Le changement est notable par rapport à la pratique observée jusqu’ici dans plusieurs cas. Des migrants interceptés en mer pouvaient être remis aux autorités marocaines immédiatement après leur interception, sans que l’ensemble des démarches administratives et judiciaires soit mené à son terme.
Le gouvernement de Sebta a rapidement réagi à l’arrêt. Les autorités locales ont assuré qu’elles respecteraient et appliqueraient la décision du Tribunal suprême. Elles ont néanmoins renouvelé leurs appels à un renforcement des moyens humains et logistiques consacrés à la surveillance de la frontière.
Alberto Gaitán, conseiller à la Présidence et à la Gouvernance du gouvernement de la ville, a estimé que la nouvelle jurisprudence ne modifiait en rien la nécessité d’accorder des ressources supplémentaires aux forces de sécurité espagnoles confrontées à la pression de l’immigration irrégulière.
Sebta « ne peut pas être un mur destiné à contenir l’immigration », a-t-il déclaré. Le responsable a notamment invoqué la superficie limitée de la ville et le nombre de ses habitants, deux facteurs qui réduisent, selon les autorités locales, ses capacités d’accueil et compliquent la gestion de l’hébergement des migrants.
La décision judiciaire replace parallèlement la coopération marocaine au centre de la gestion de la frontière maritime. Selon plusieurs médias espagnols, l’efficacité du contrôle des départs et des tentatives de traversée dépendra désormais davantage encore des interventions effectuées du côté marocain.
Une fois un migrant secouru ou intercepté par une unité espagnole, celui-ci doit en effet être soumis à l’intégralité de la procédure légale. Le renvoi immédiat vers le Maroc, tel qu’il était pratiqué dans certains cas, n’est plus possible.
L’interception des candidats à la traversée avant leur arrivée dans les eaux sous contrôle espagnol devient, dès lors, un élément déterminant. Ces derniers jours, la marine marocaine est ainsi intervenue pour intercepter plus de 70 migrants qui tentaient de rejoindre Sebta à la nage, selon des médias locaux espagnols.
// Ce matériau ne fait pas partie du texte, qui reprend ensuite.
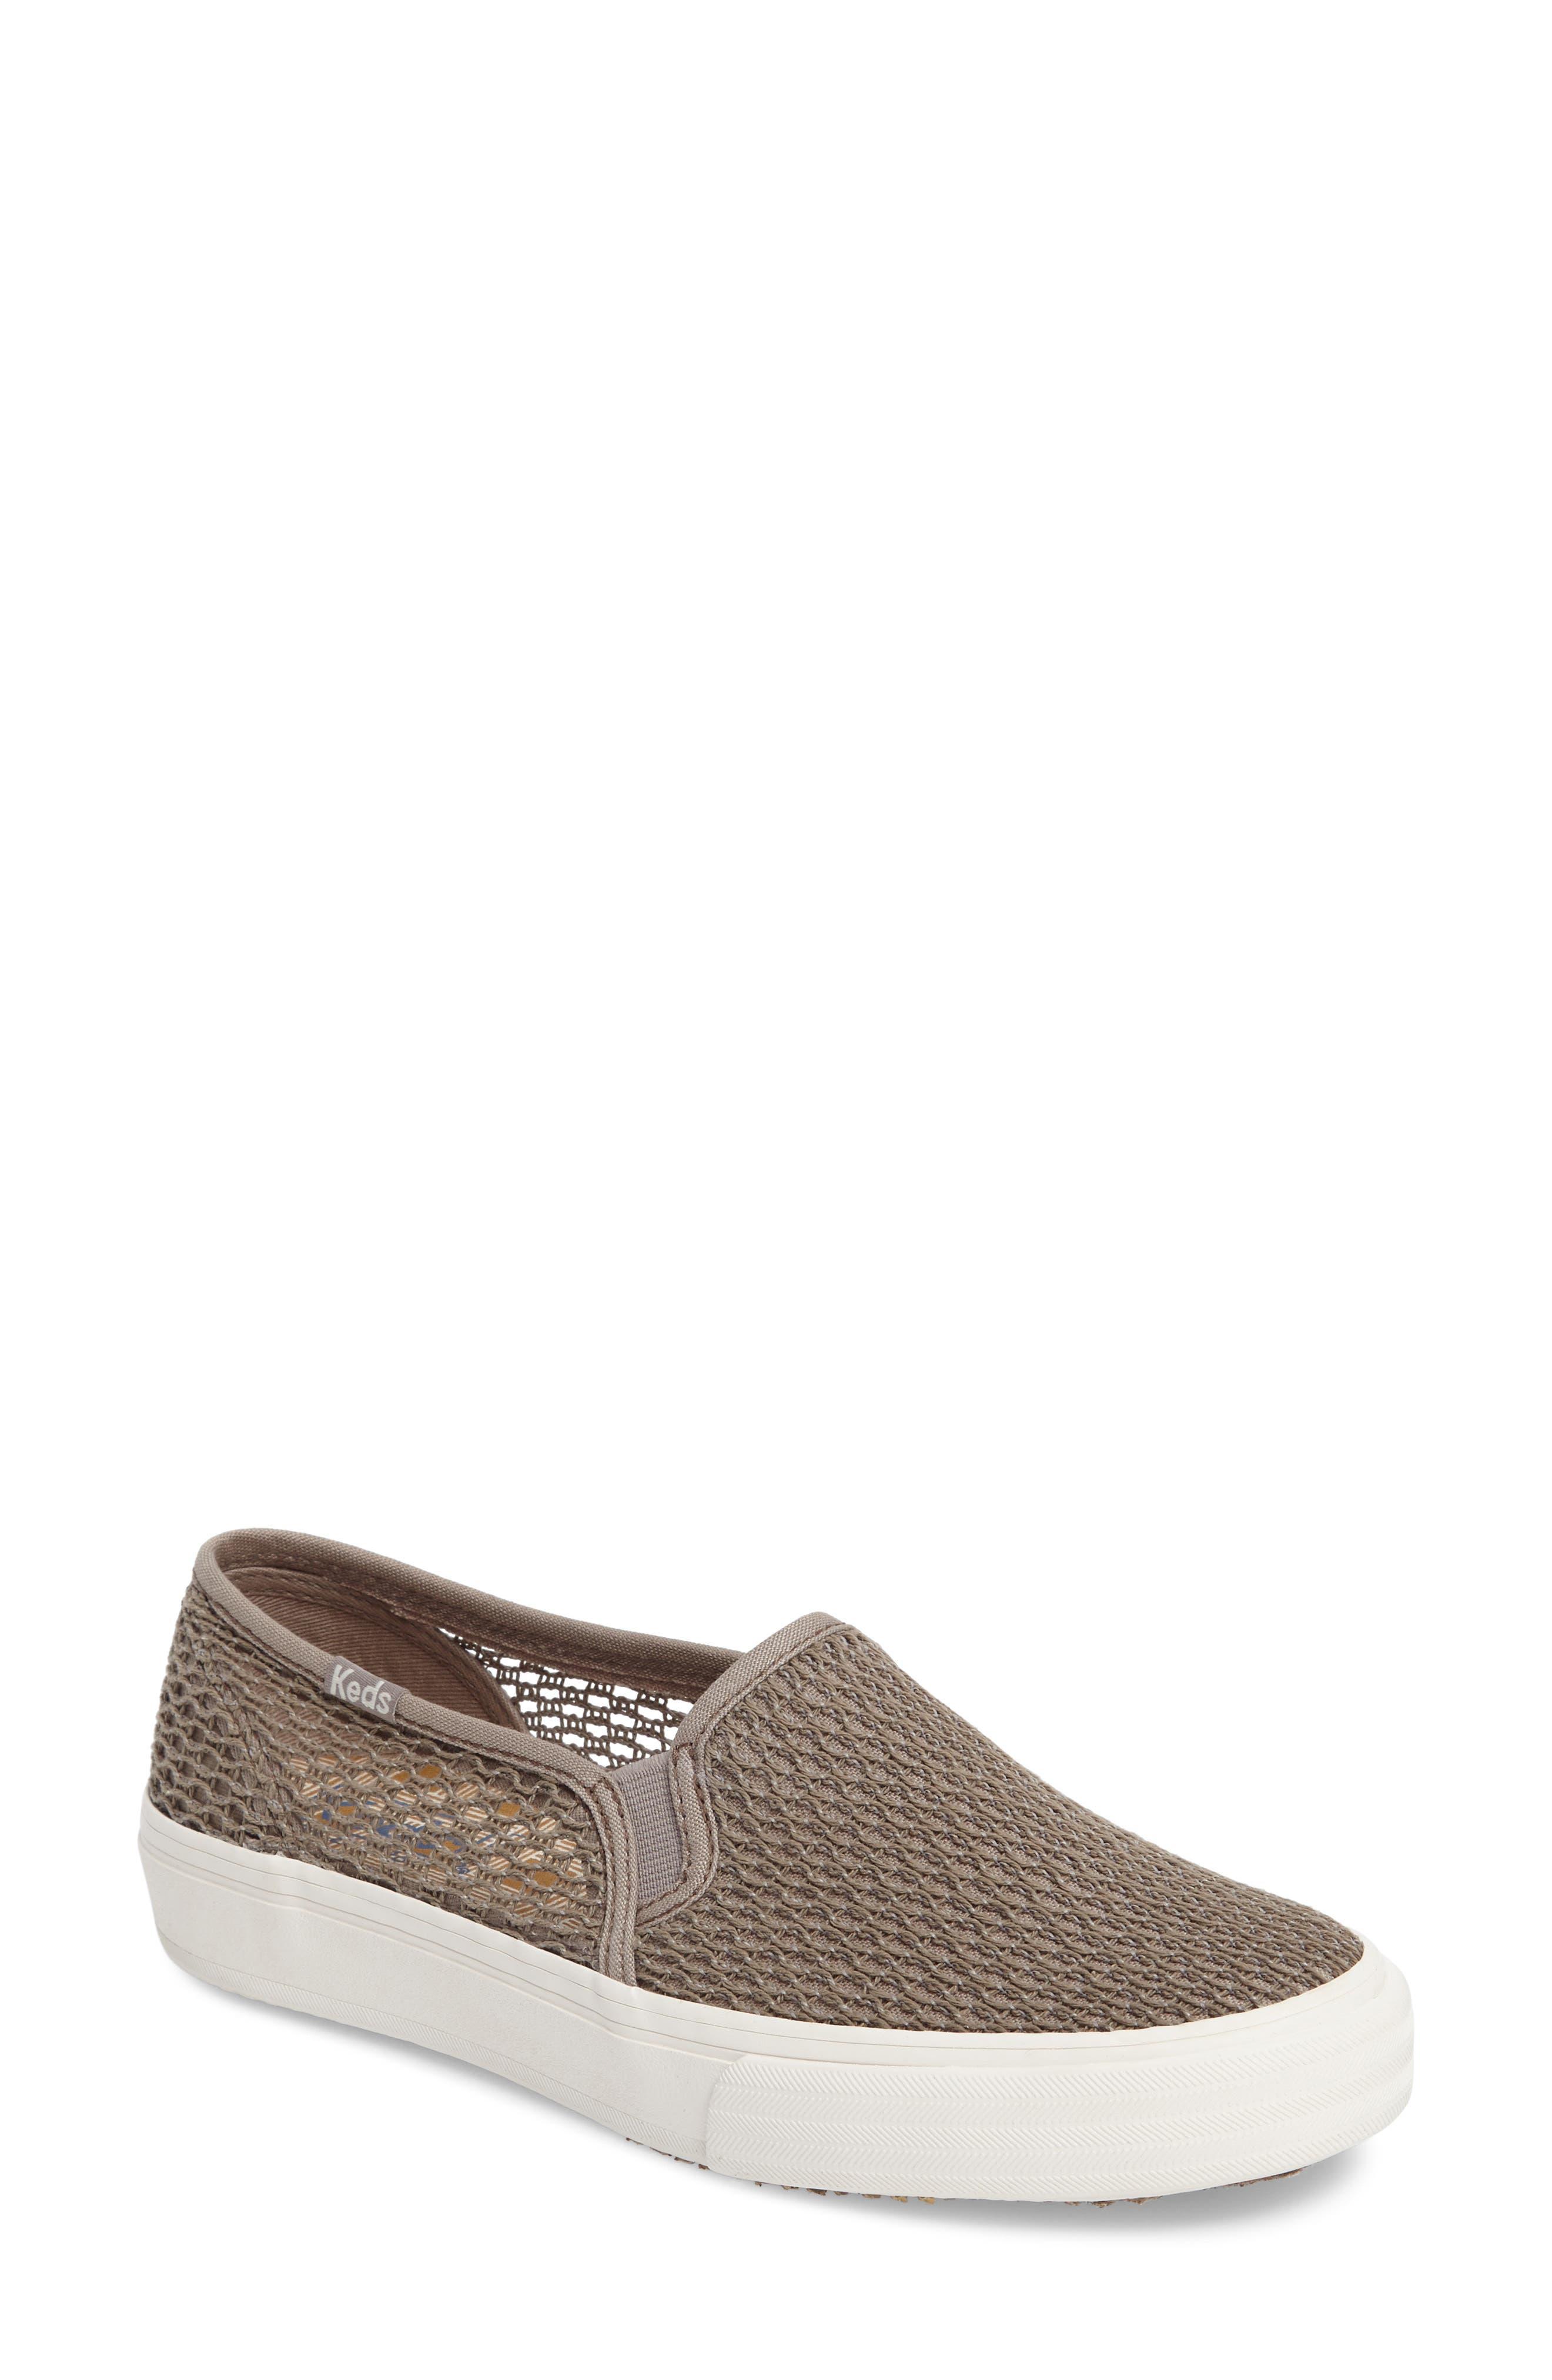 Double Decker Crochet Slip-On Sneaker,                         Main,                         color, 250

Les opérations de sauvetage ont notamment concerné les secteurs de Tarajal et de Benzú. Elles ont permis d’empêcher les personnes concernées d’atteindre les eaux placées sous contrôle espagnol. Une illustration, sur le terrain, de l’importance prise par la coordination avec Rabat à mesure que la justice espagnole redéfinit les limites de sa politique de refoulement aux frontières.